----- Provided data -----
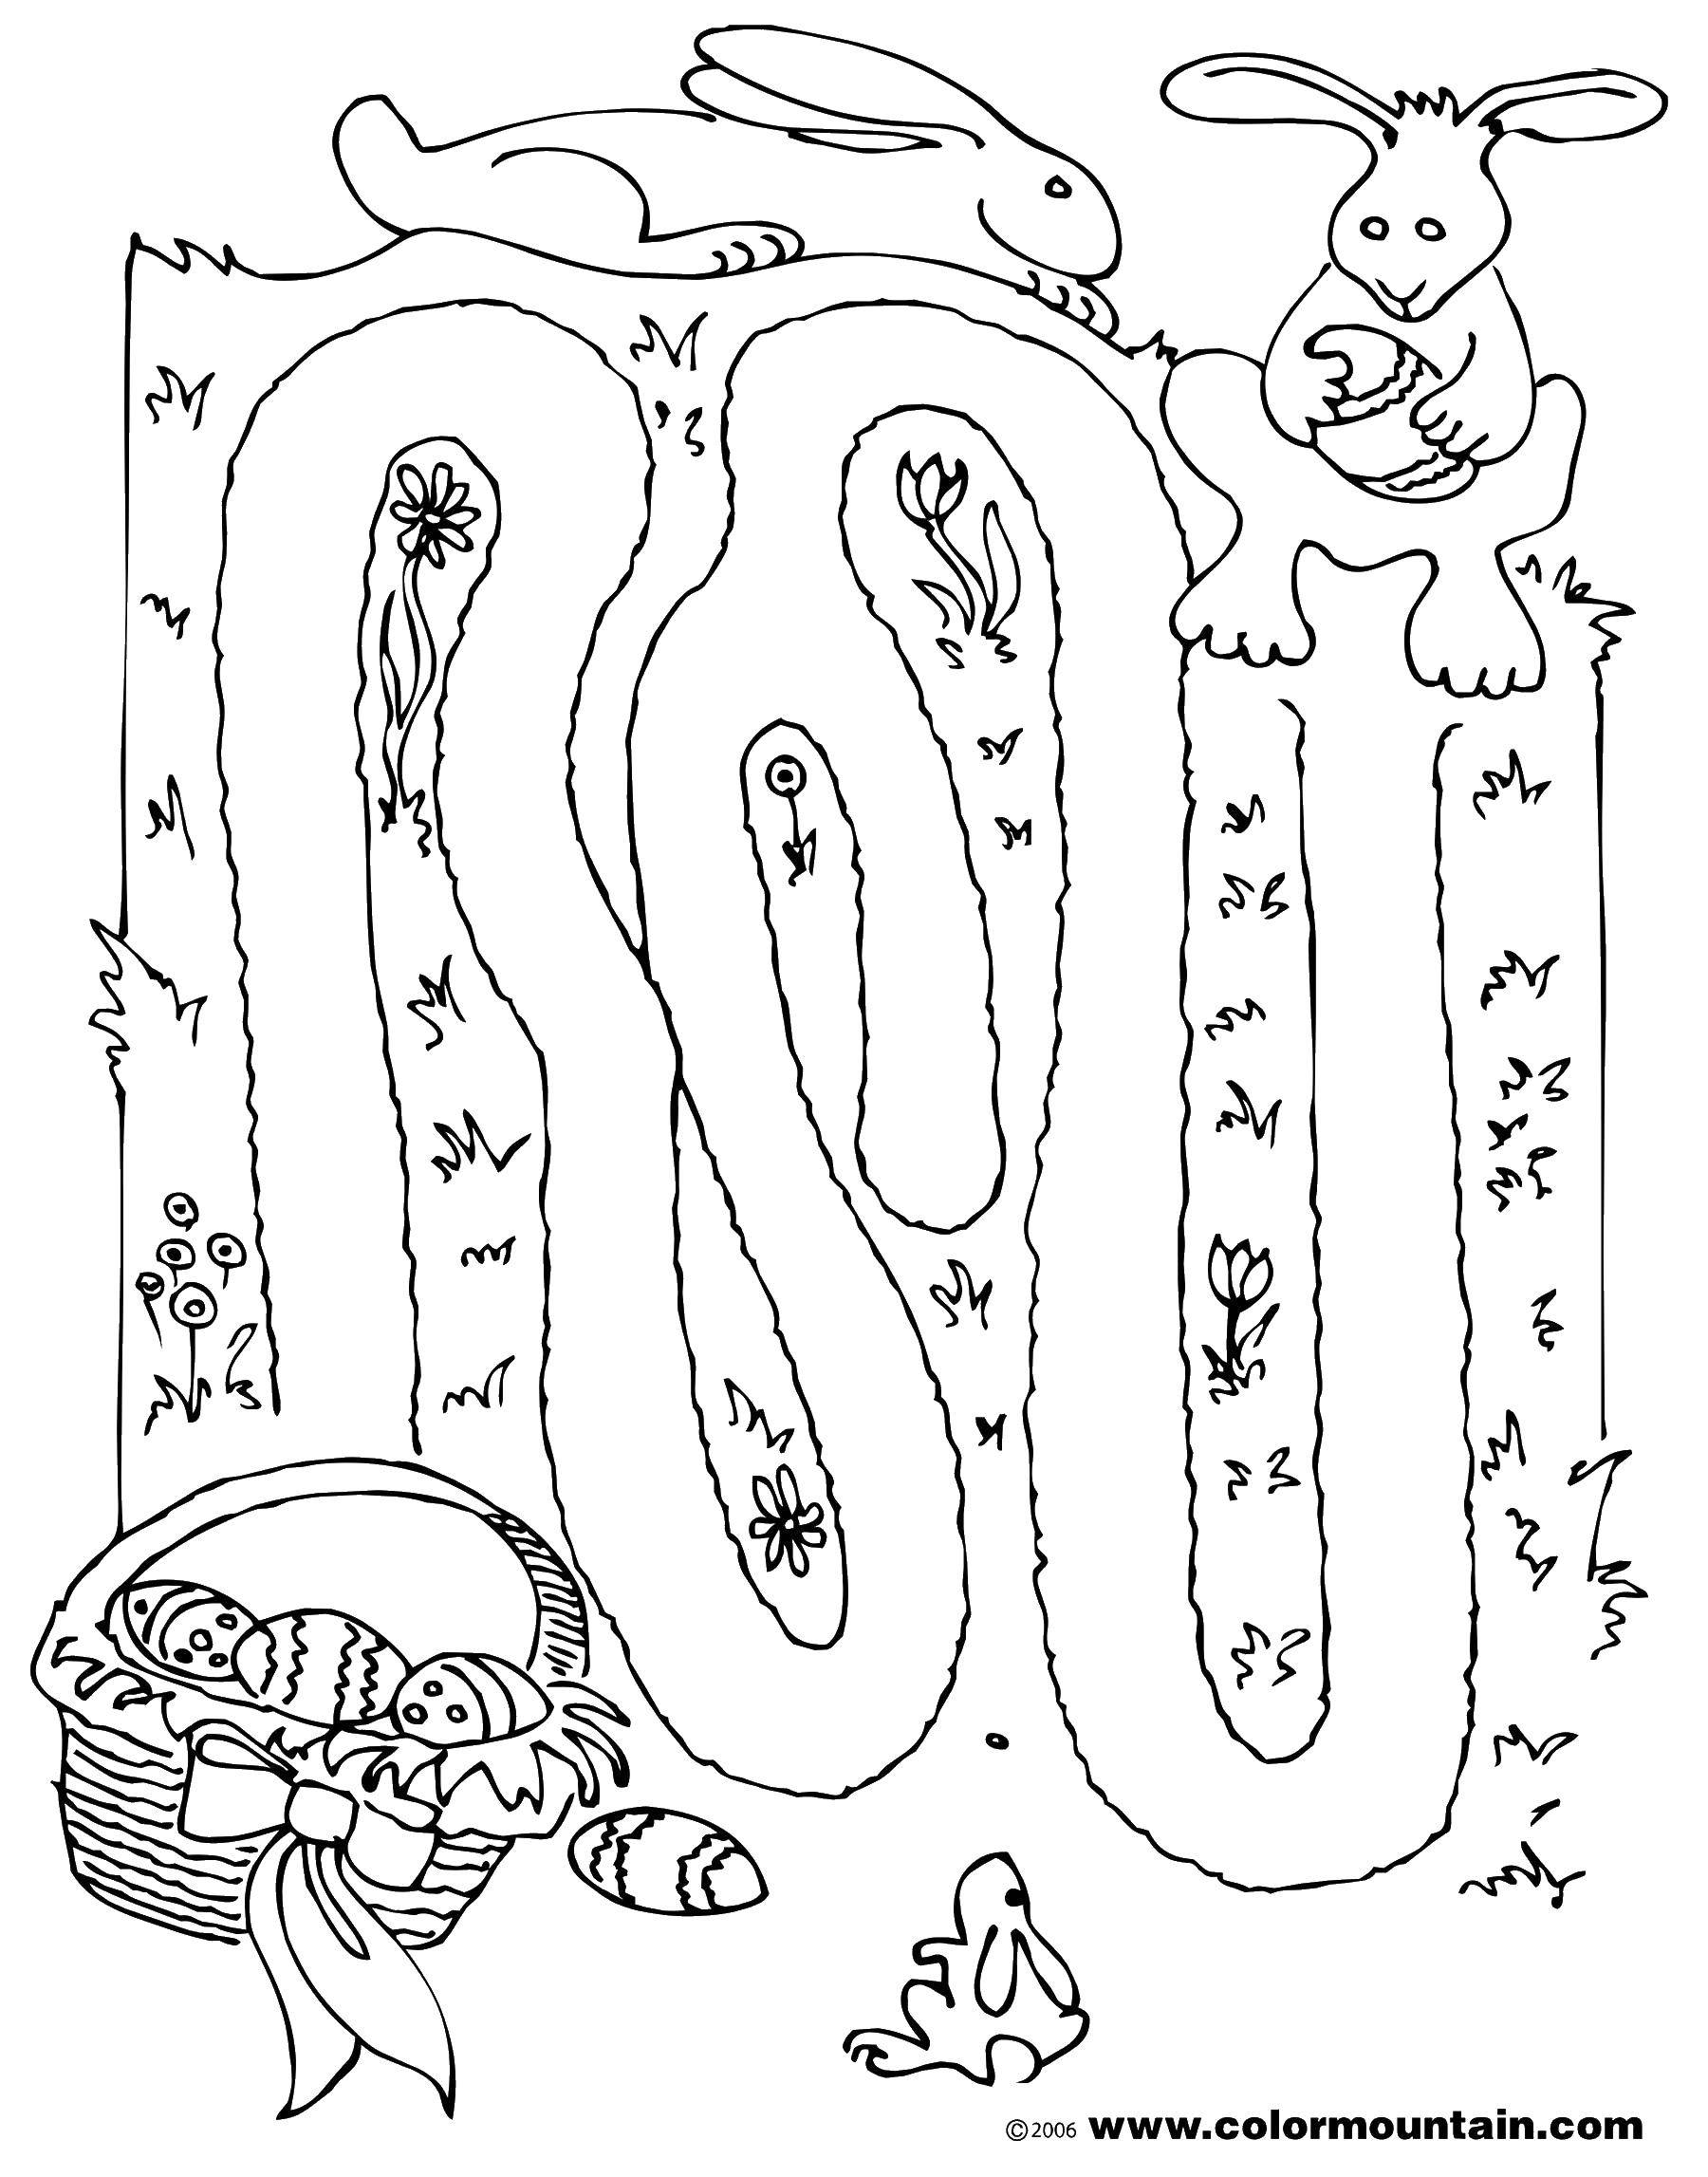 Coloring Maze, the Bunny. Category Mazes. Tags:  maze, mazes, bunnies.
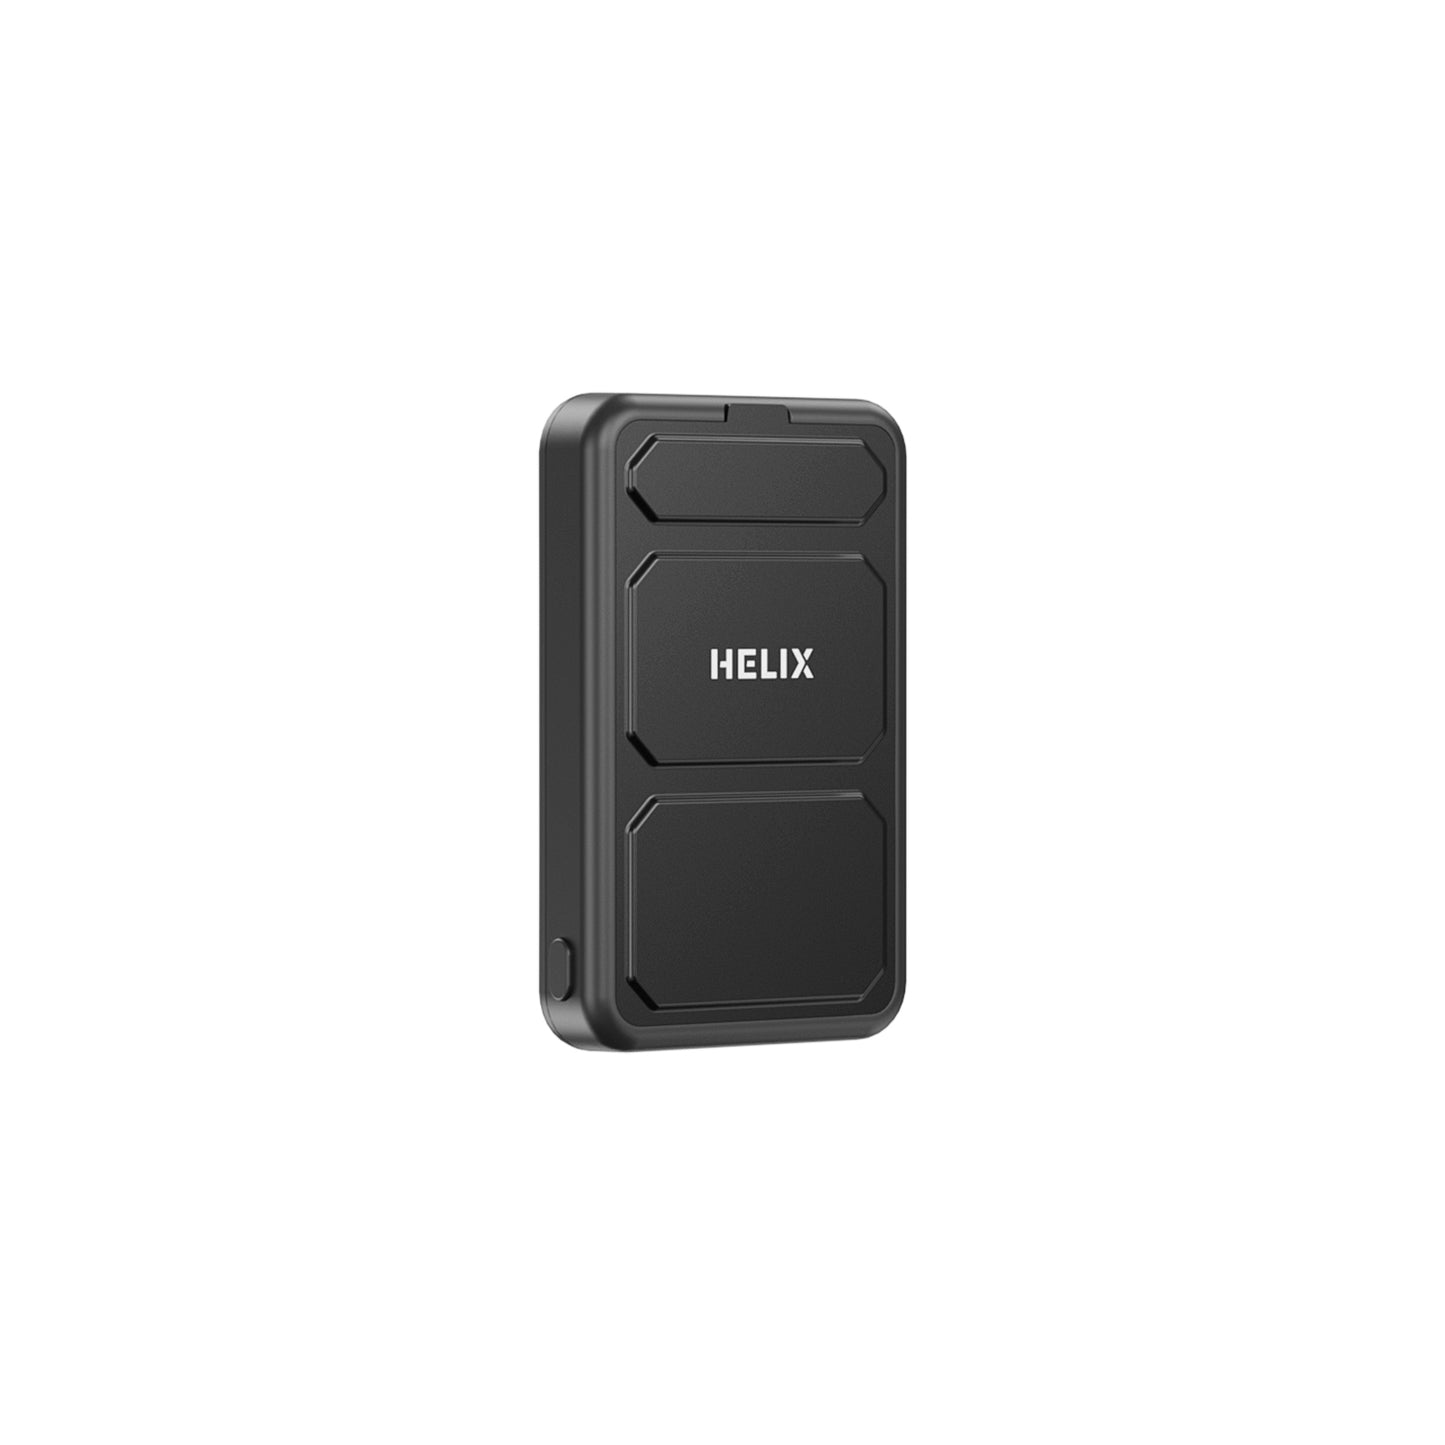 HELIX 22.5W+15W Magnetic Stand Wireless MagSafe Charging Power Bank 10HELIXHELIX
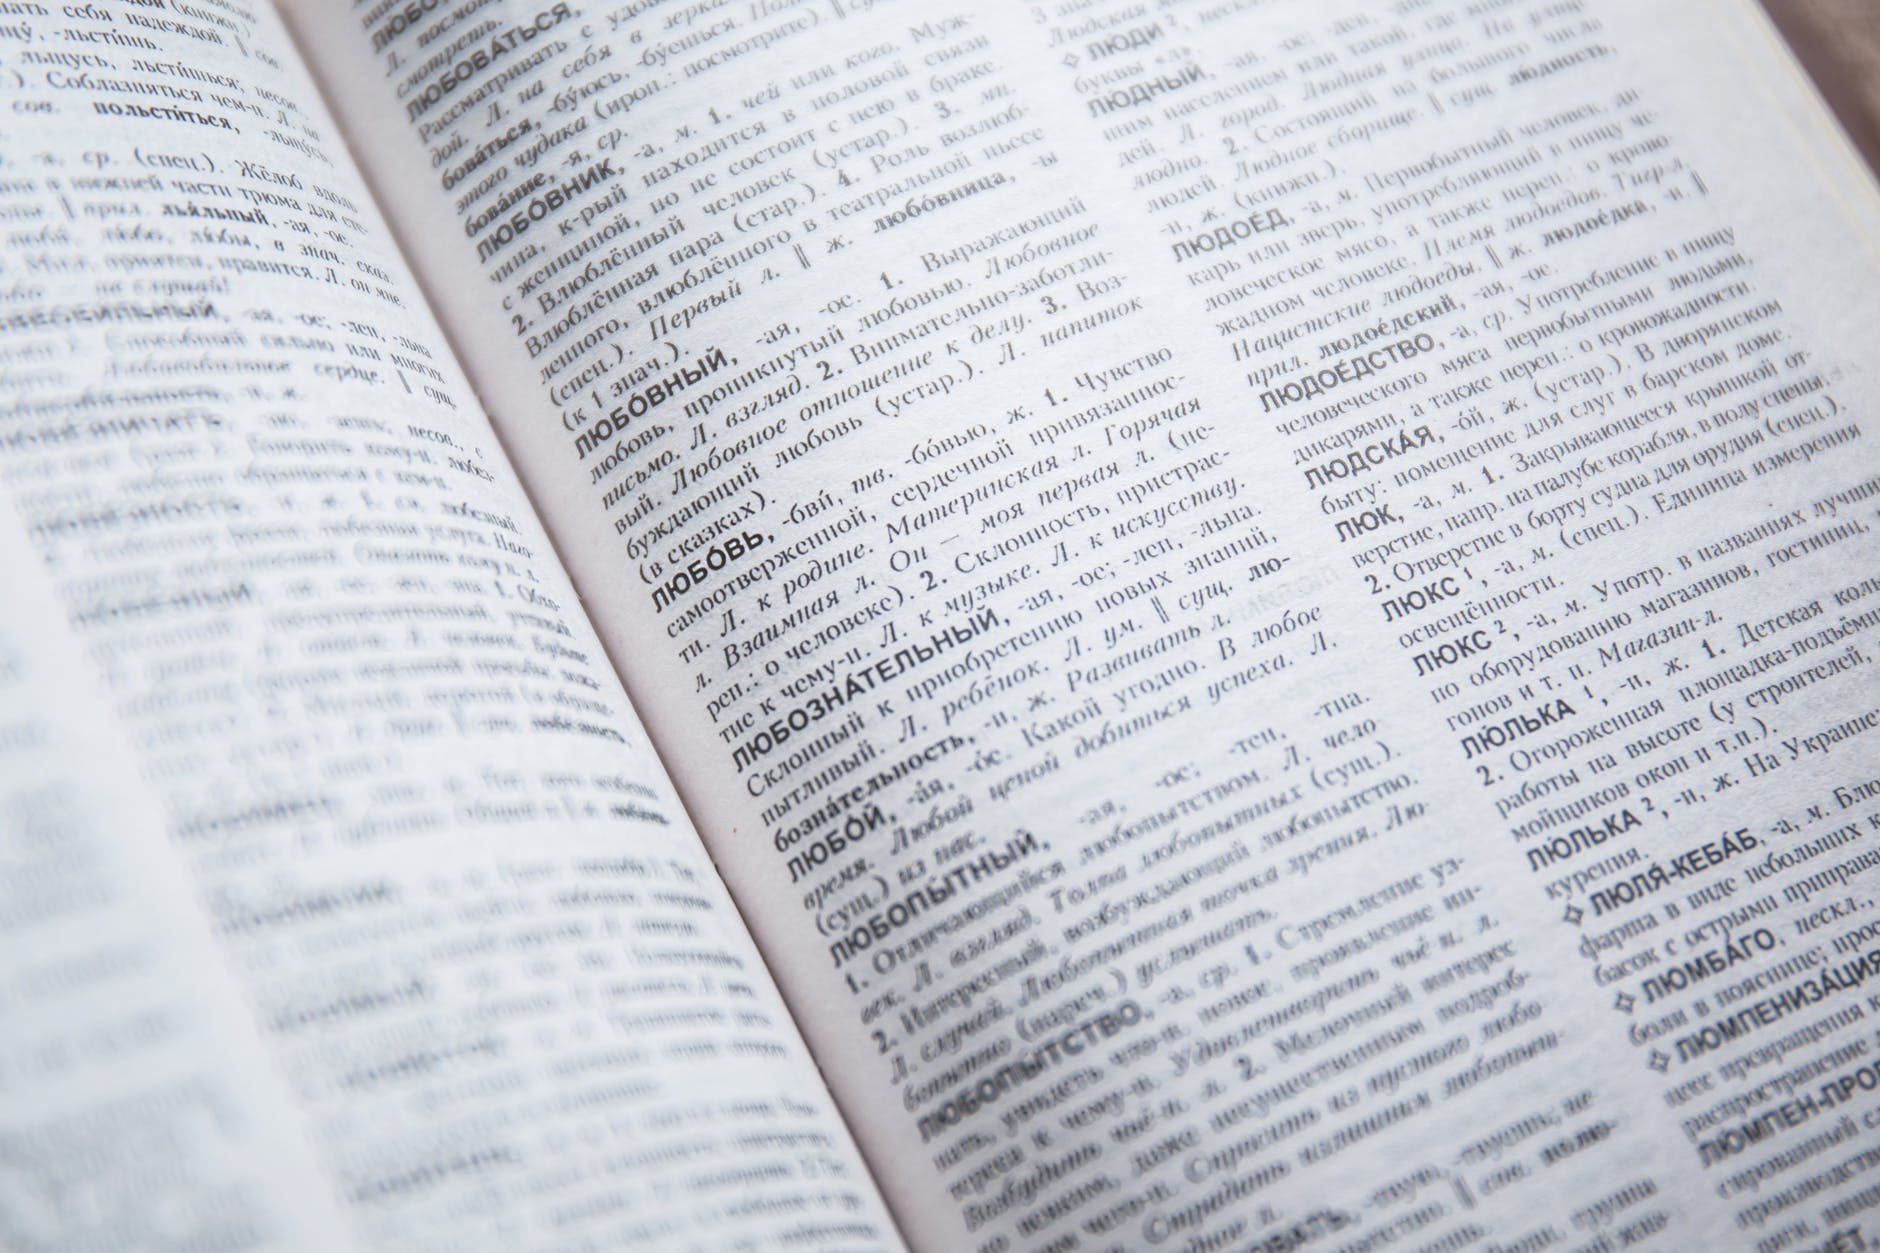 A dictionary used for learning and understanding phrasal verbs.
-----
[The task]
Return exactly the lines that begin with the one containing "HELIX 22.5W+15W Magnetic" and end with the final line of the data above; include no pictures.

[Task answer]
 HELIX 22.5W+15W Magnetic Stand Wireless MagSafe Charging Power Bank 10HELIXHELIX
 A dictionary used for learning and understanding phrasal verbs.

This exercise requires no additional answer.